─── Supplied material
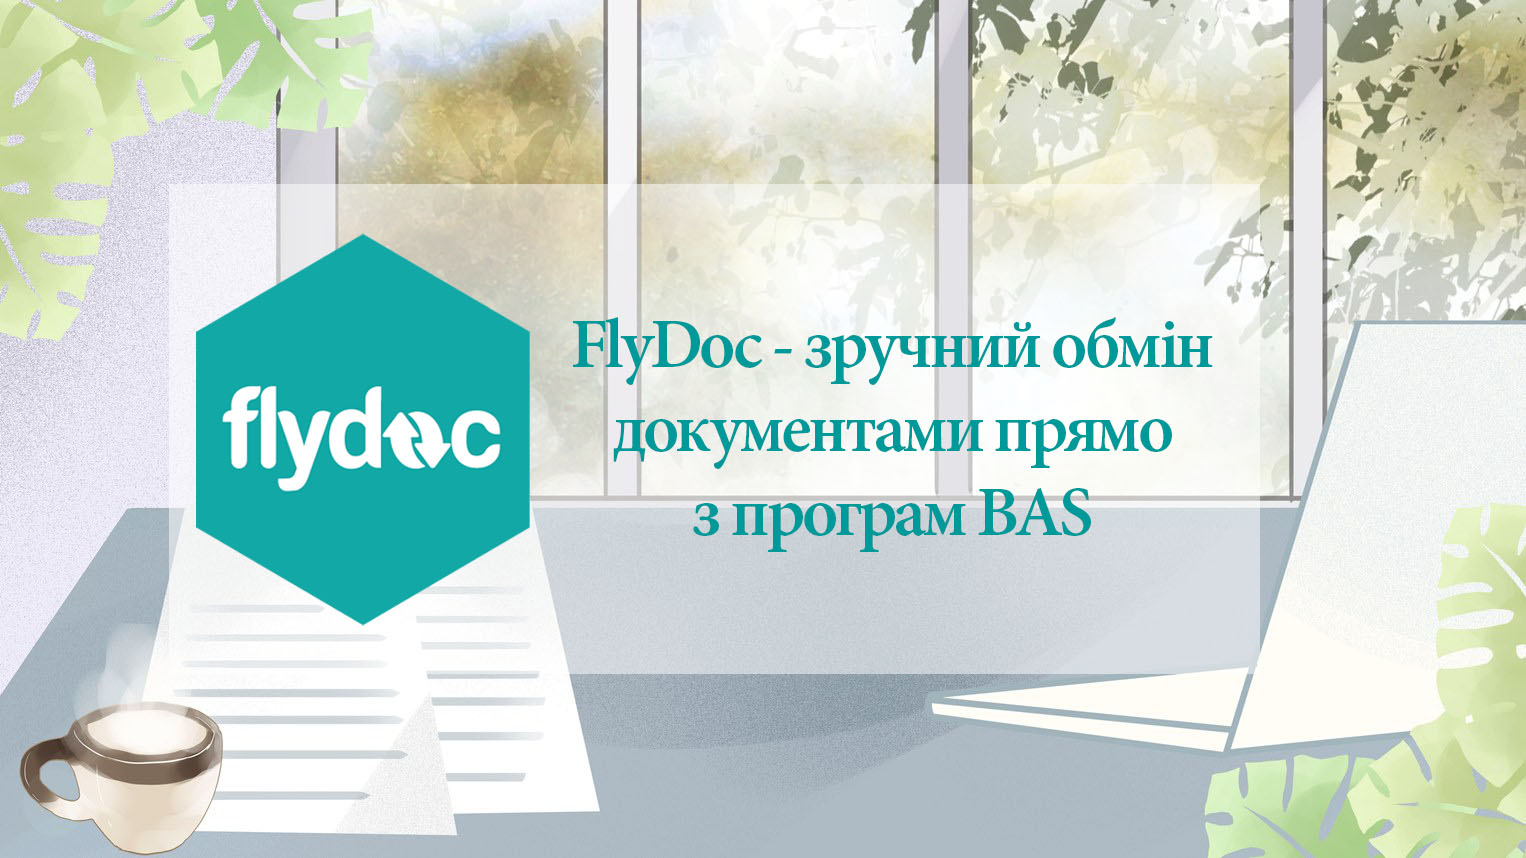 FlyDoc - удобный обмен документами прямо из BAS
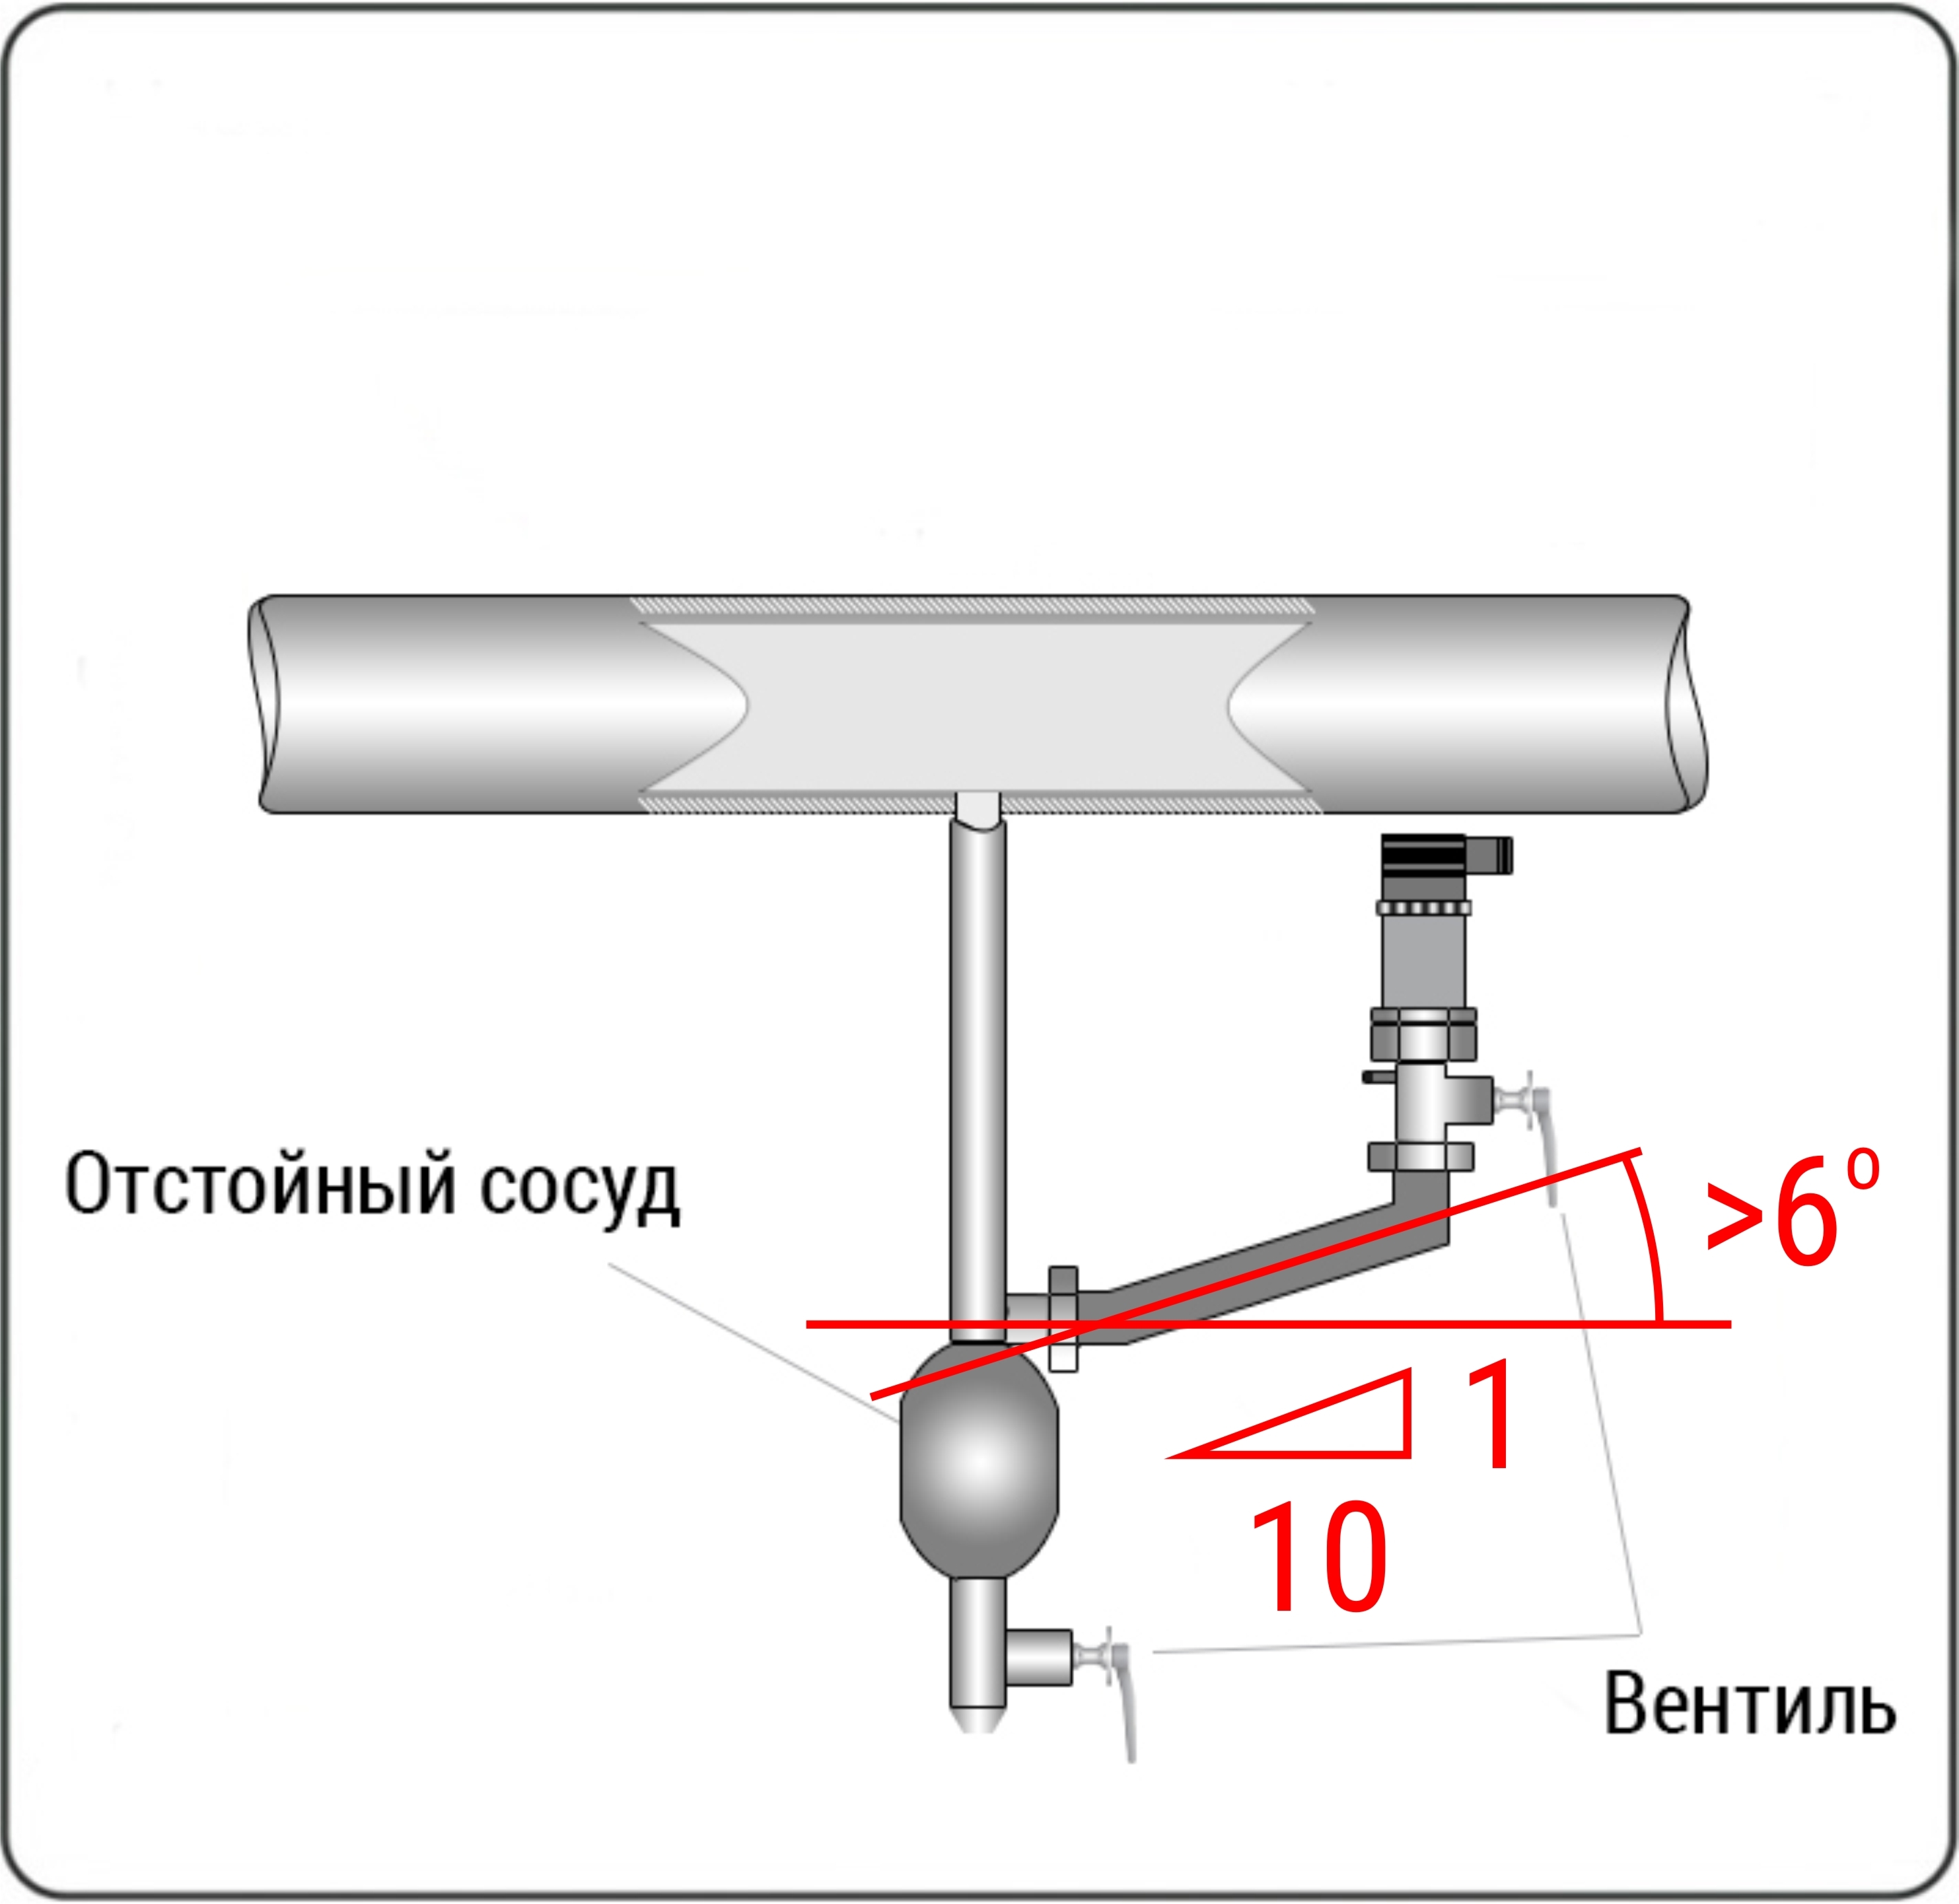 Если установить датчик в верхней части магистрали не представляется возможным, то при установке снизу в нижних точках соединительных трубопроводов следует устанавливать отстойные сосуды для сбора конденсата.
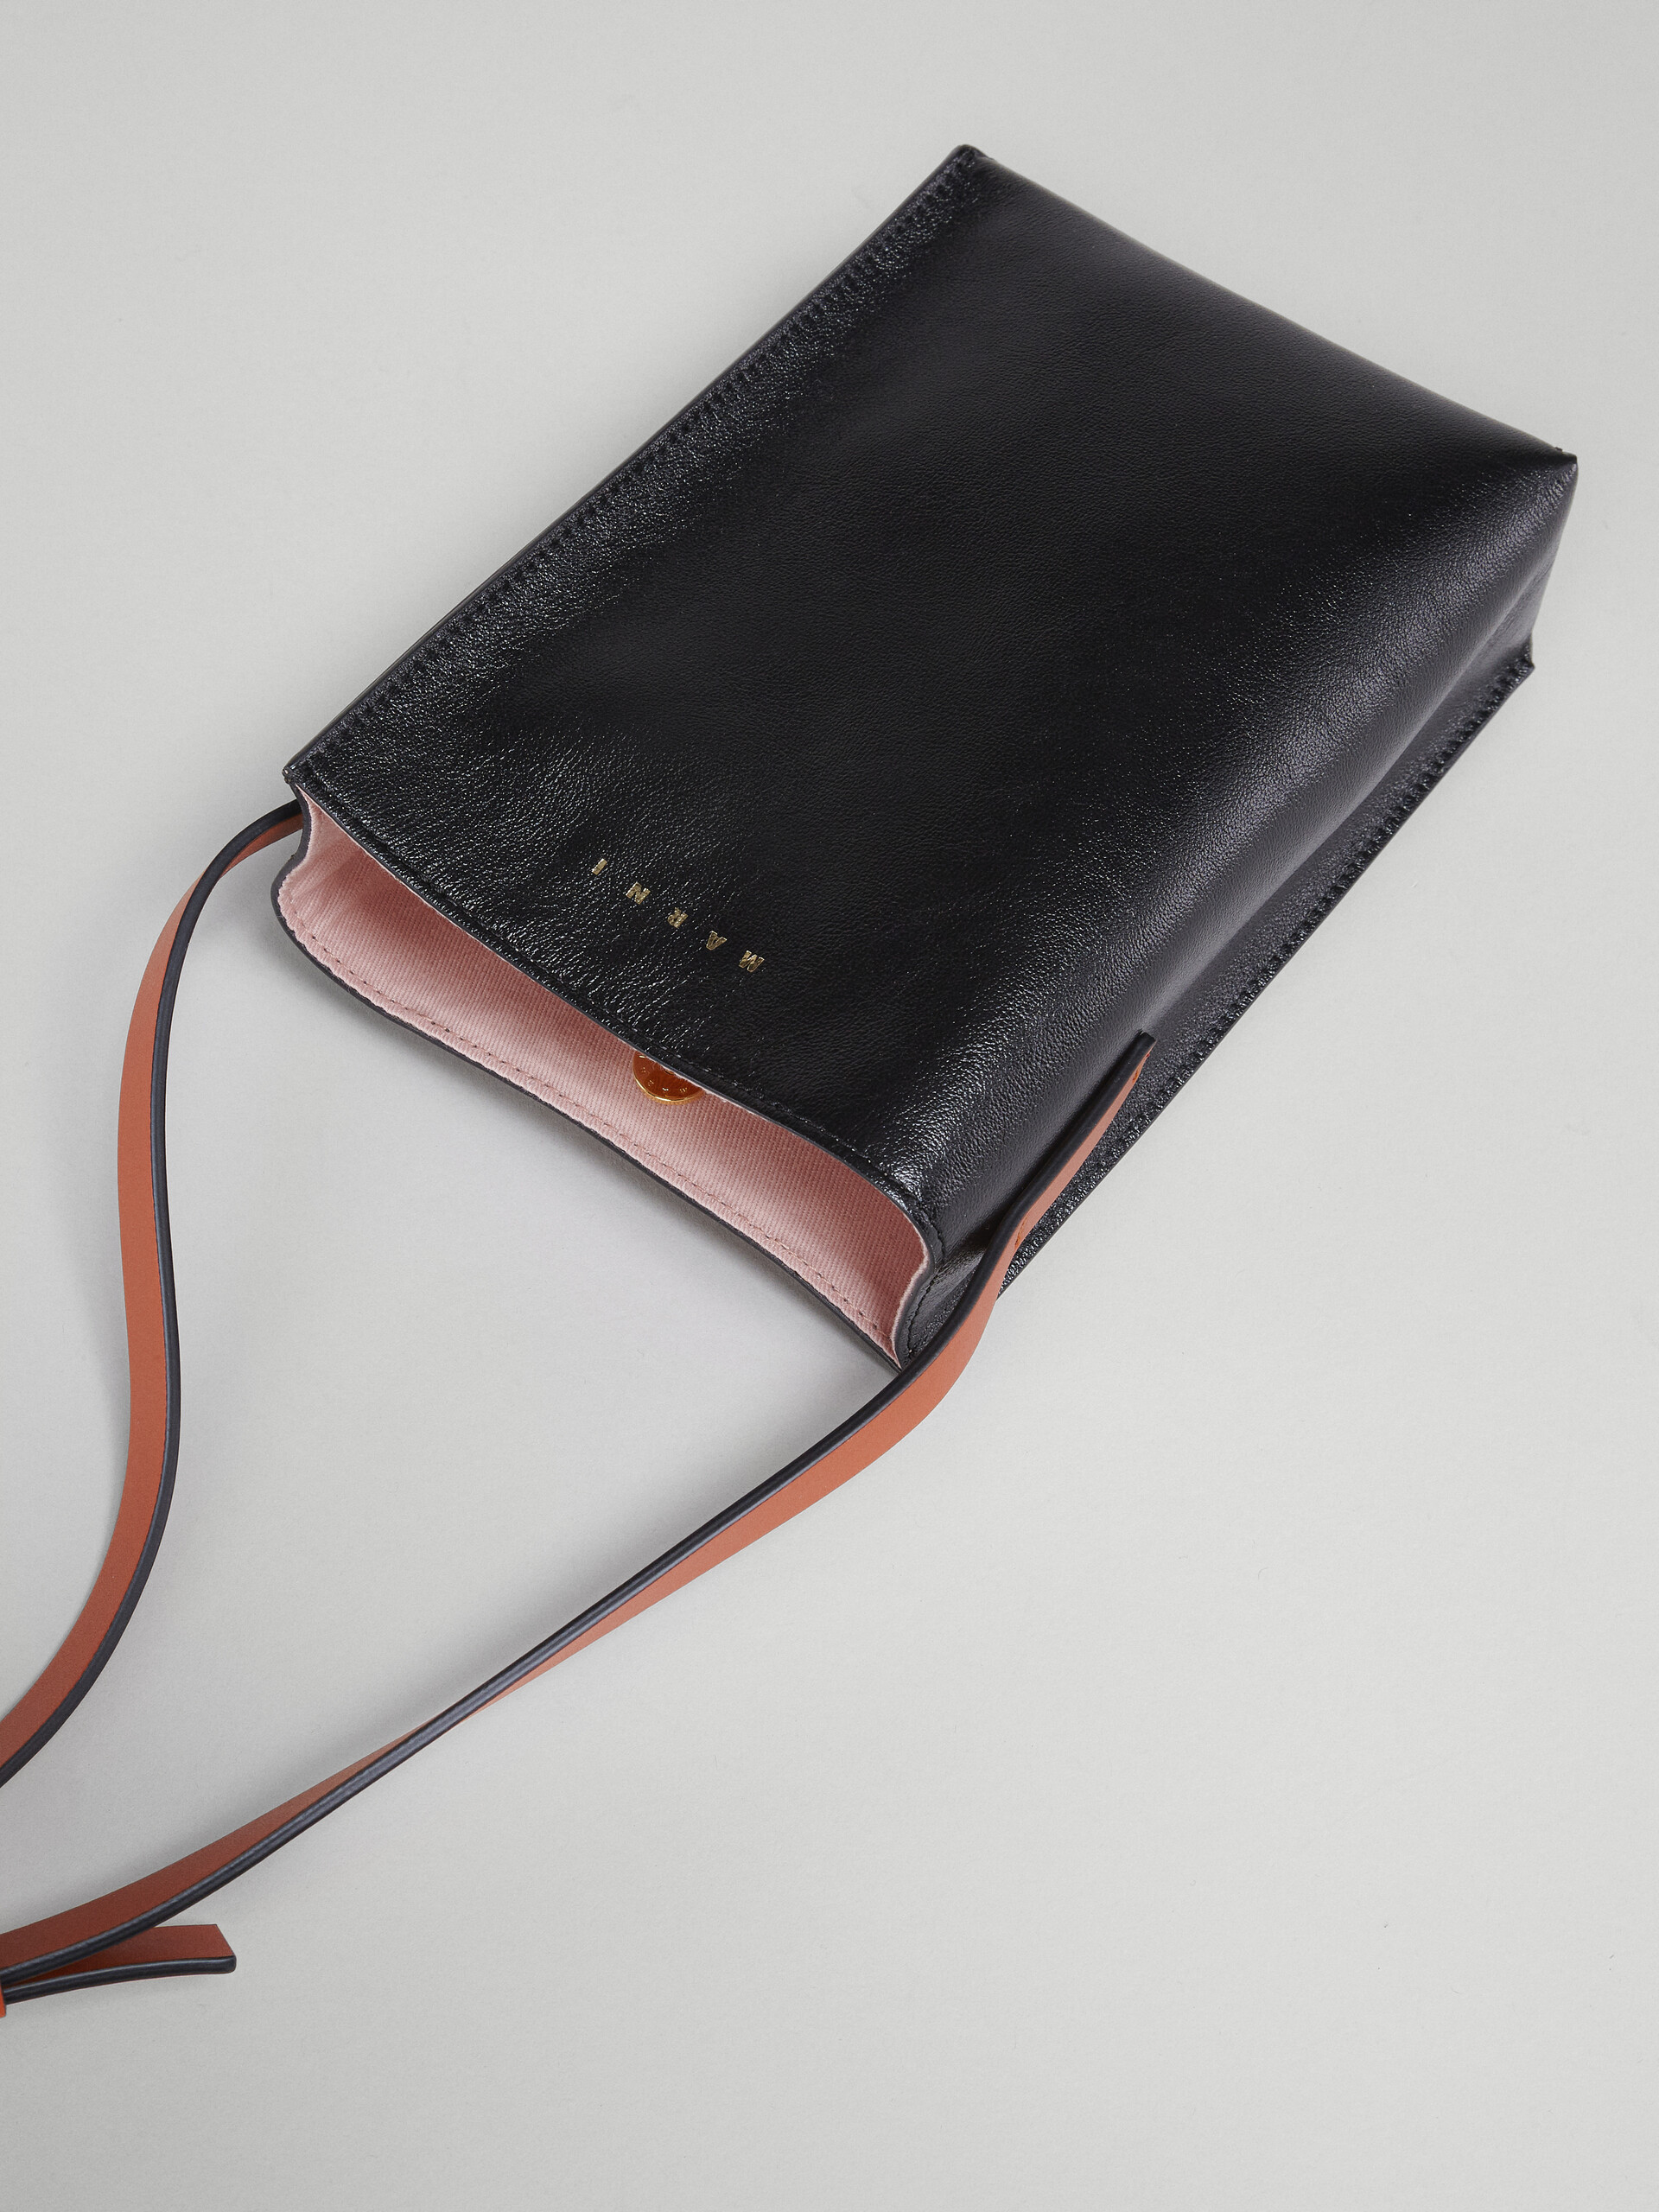 Museo Soft Bag Nano in pelle nera e grigia - Borse a spalla - Image 4
──────
Return every line above verbatim, pictures excluded.

 FlyDoc - удобный обмен документами прямо из BAS
 Если установить датчик в верхней части магистрали не представляется возможным, то при установке снизу в нижних точках соединительных трубопроводов следует устанавливать отстойные сосуды для сбора конденсата.
 Museo Soft Bag Nano in pelle nera e grigia - Borse a spalla - Image 4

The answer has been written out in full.